## PROBLEM
Could you repeat, word for word, the line with "Visualizzazione delle macchine" and every line after it in the records below, leaving out any pictures?

## THE DATA
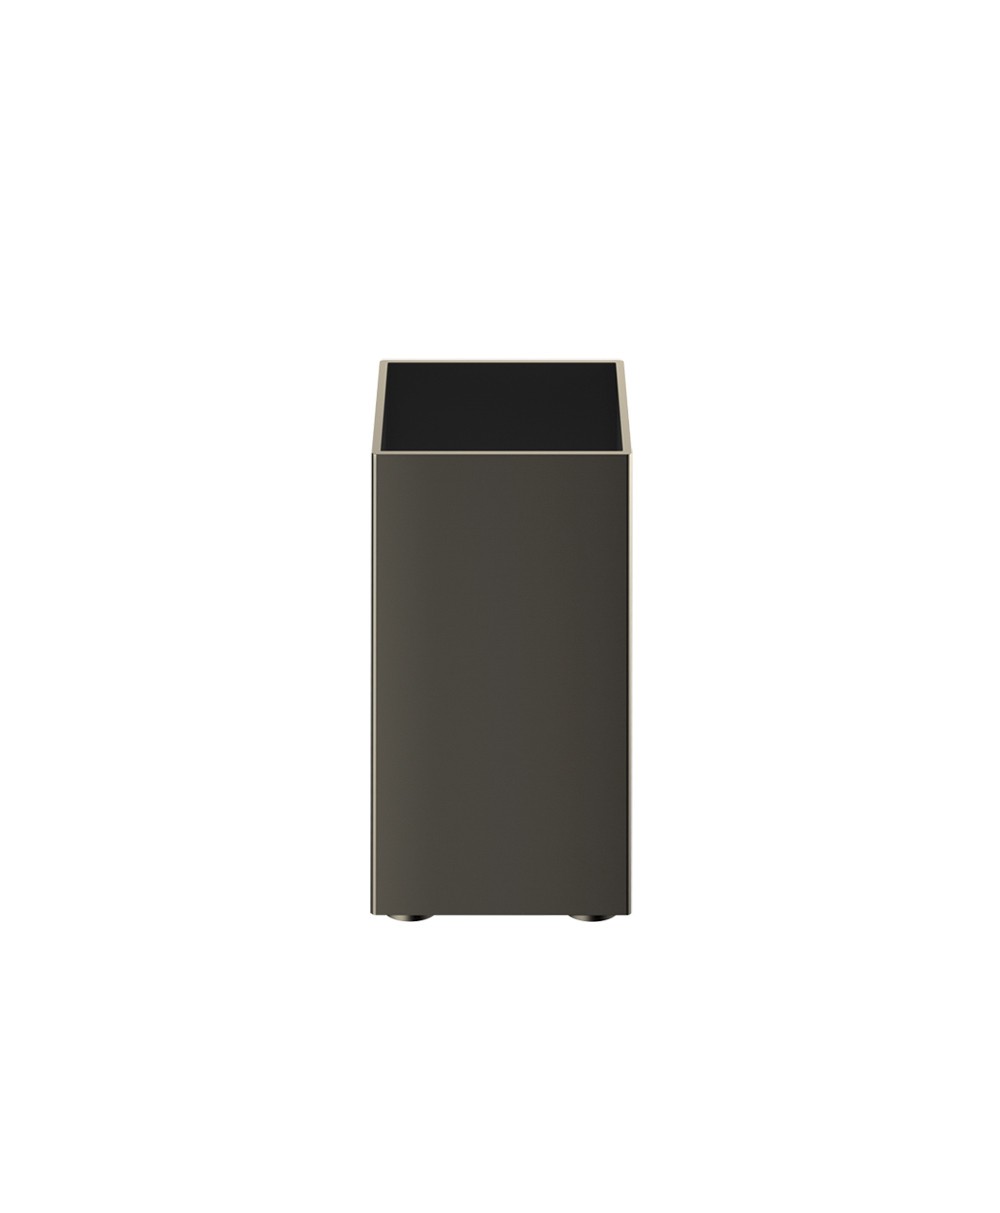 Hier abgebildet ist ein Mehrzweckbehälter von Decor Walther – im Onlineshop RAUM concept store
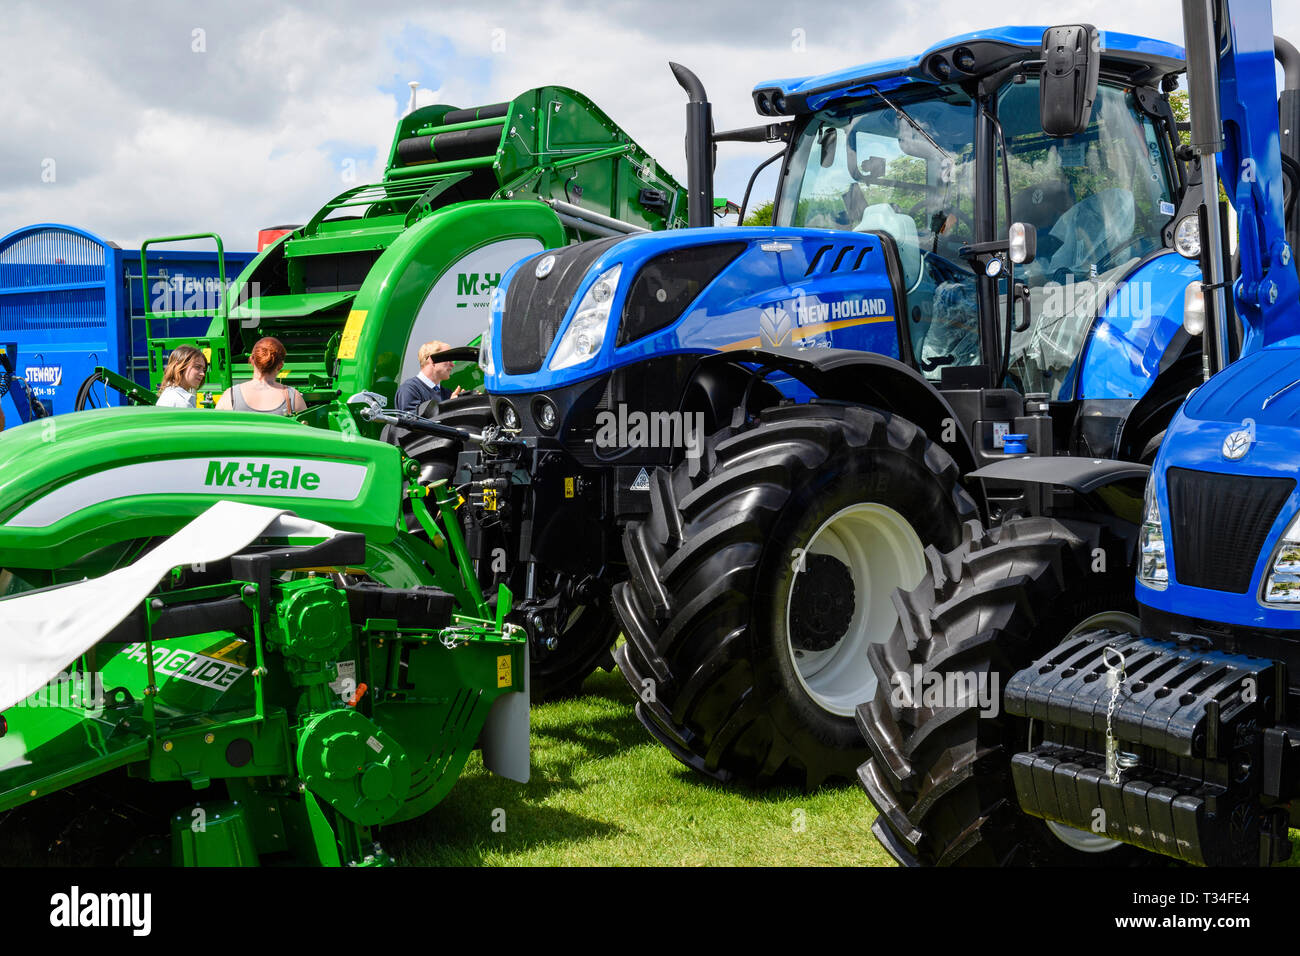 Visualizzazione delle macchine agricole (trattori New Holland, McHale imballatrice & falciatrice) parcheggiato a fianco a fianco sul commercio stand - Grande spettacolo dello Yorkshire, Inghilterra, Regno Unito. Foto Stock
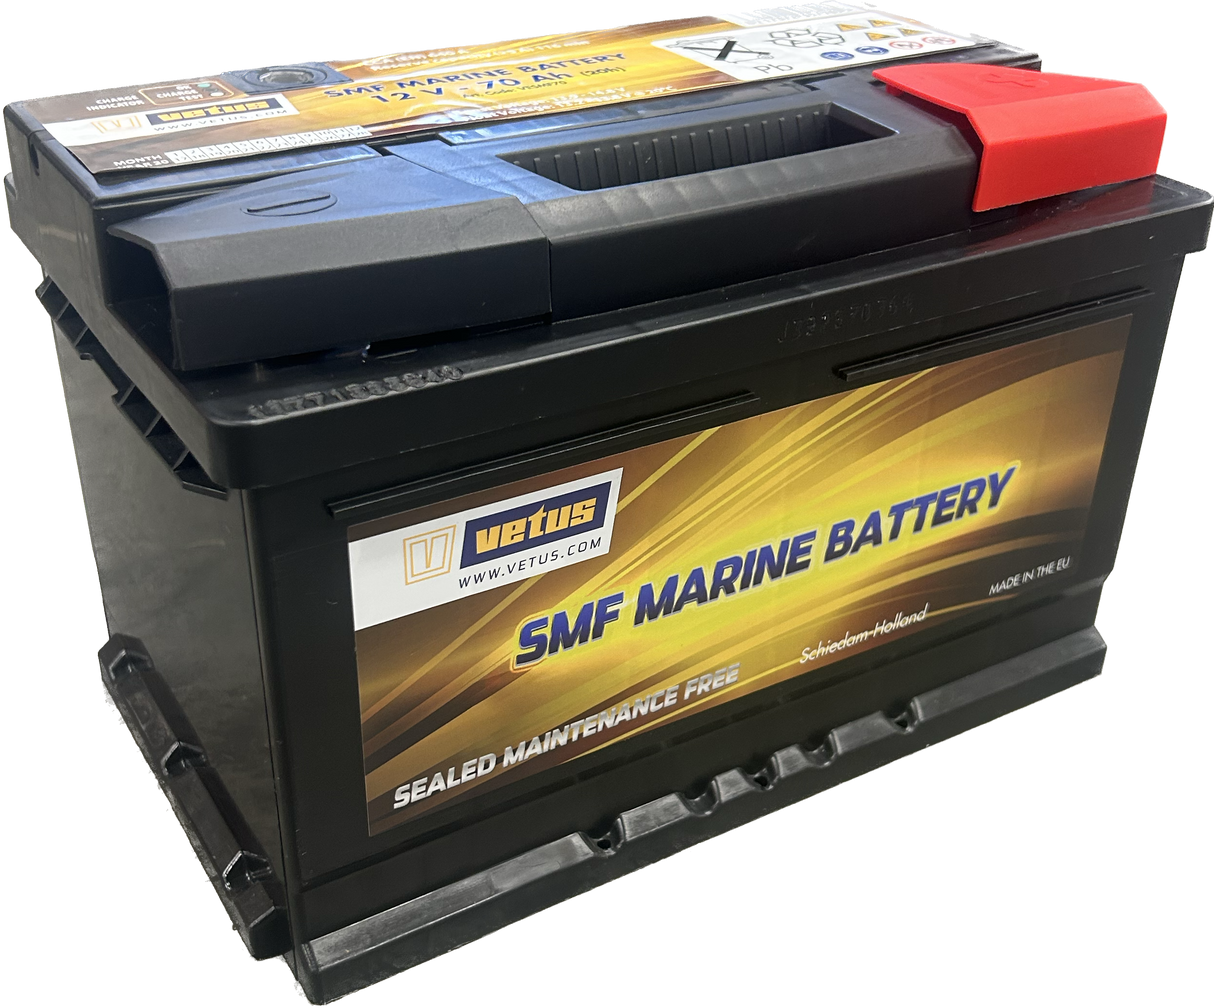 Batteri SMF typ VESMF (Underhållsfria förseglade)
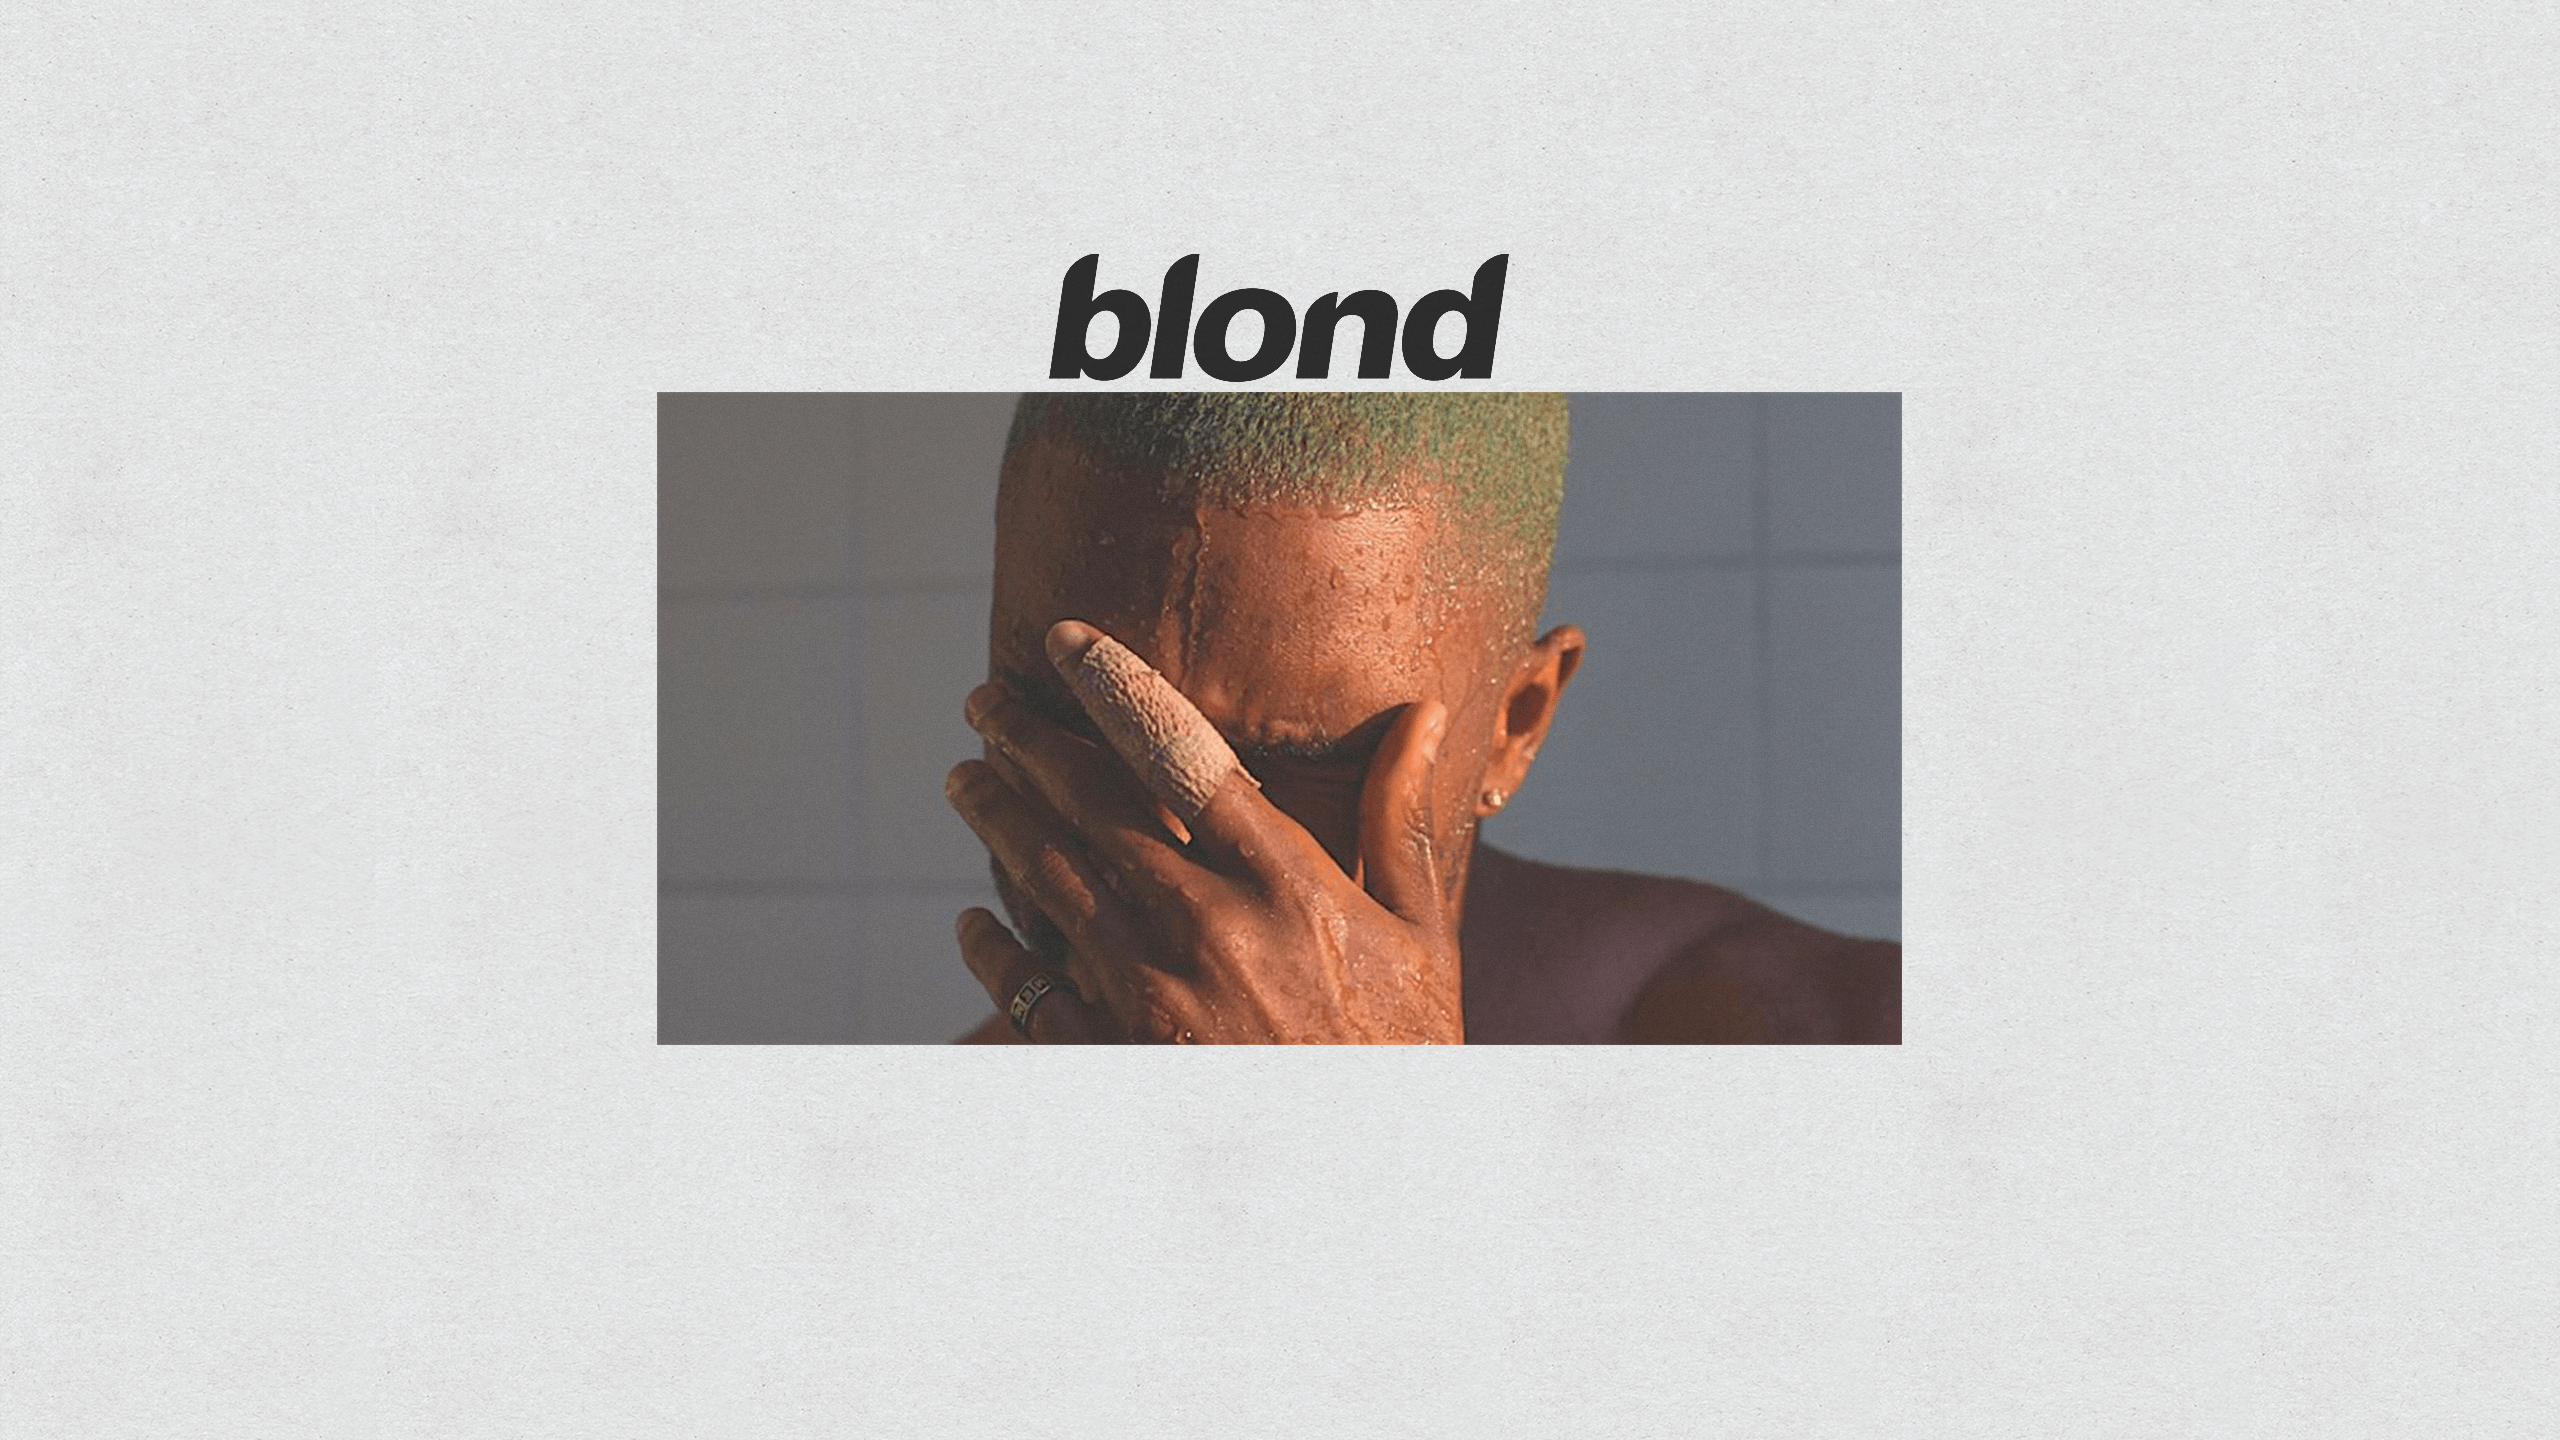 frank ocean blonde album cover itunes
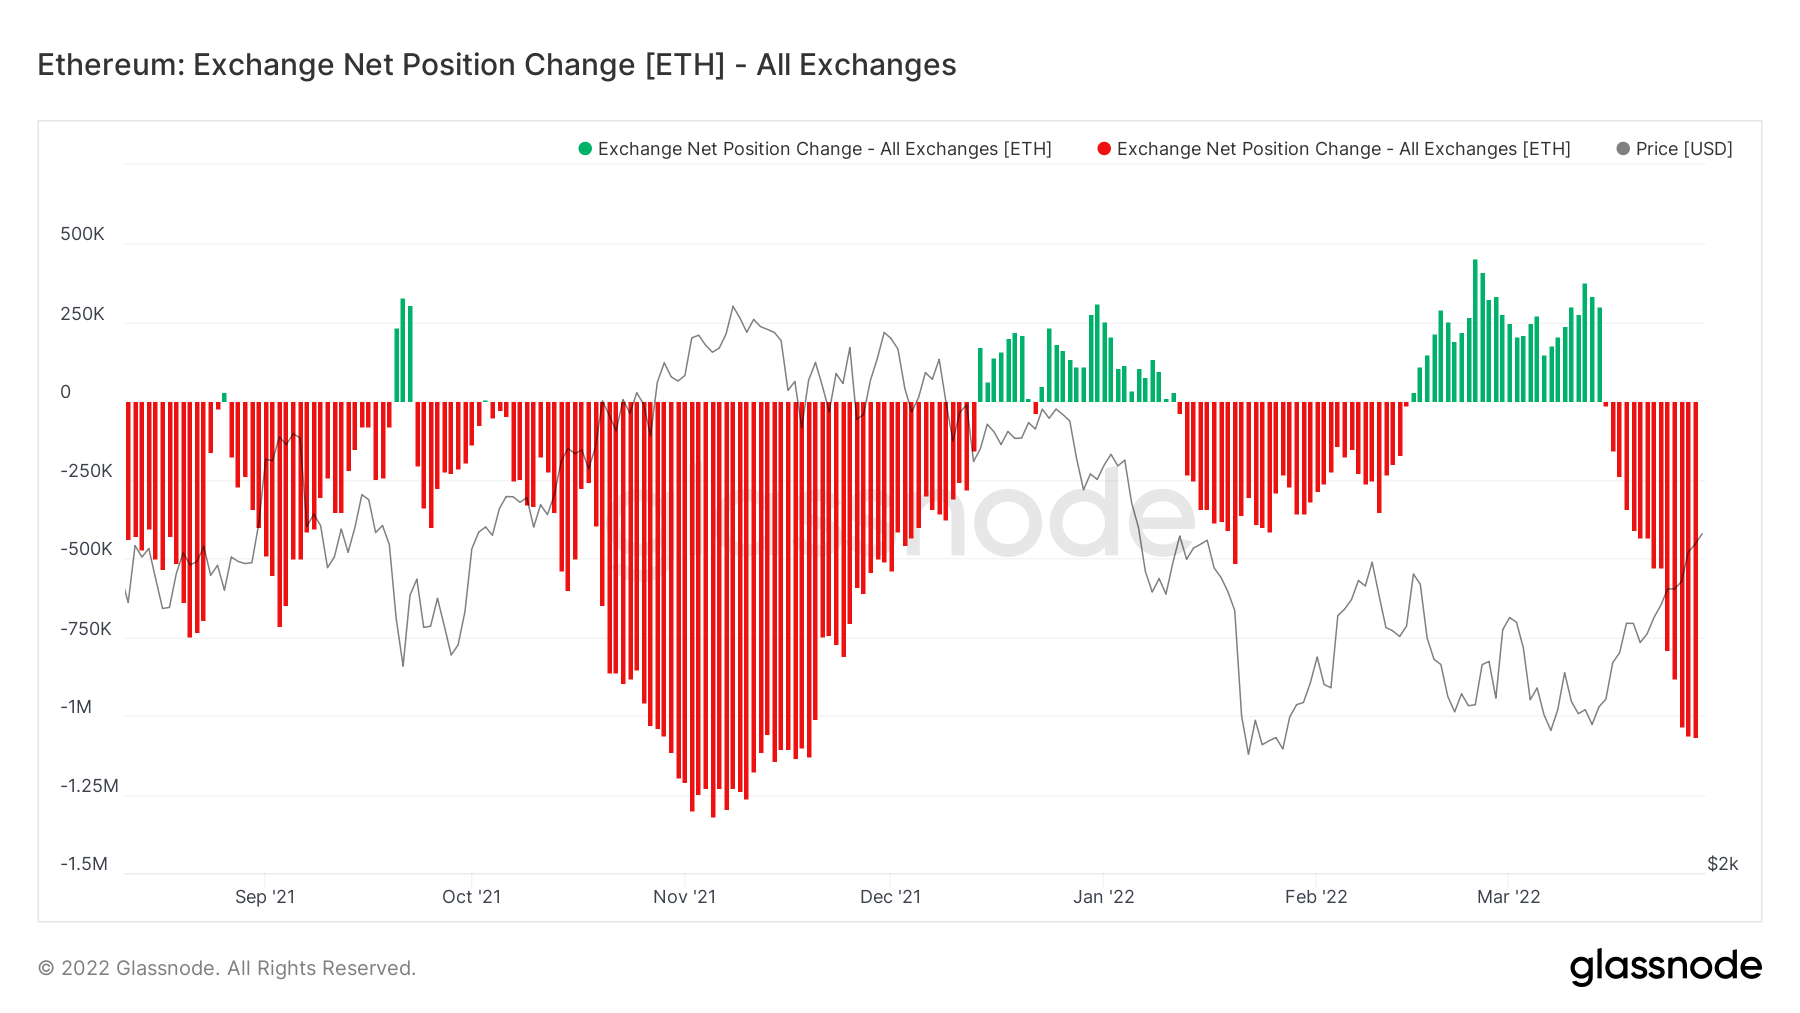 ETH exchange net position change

## SOLUTION TO THIS EXERCISE
 Visualizzazione delle macchine agricole (trattori New Holland, McHale imballatrice & falciatrice) parcheggiato a fianco a fianco sul commercio stand - Grande spettacolo dello Yorkshire, Inghilterra, Regno Unito. Foto Stock
 Batteri SMF typ VESMF (Underhållsfria förseglade)
 frank ocean blonde album cover itunes
 ETH exchange net position change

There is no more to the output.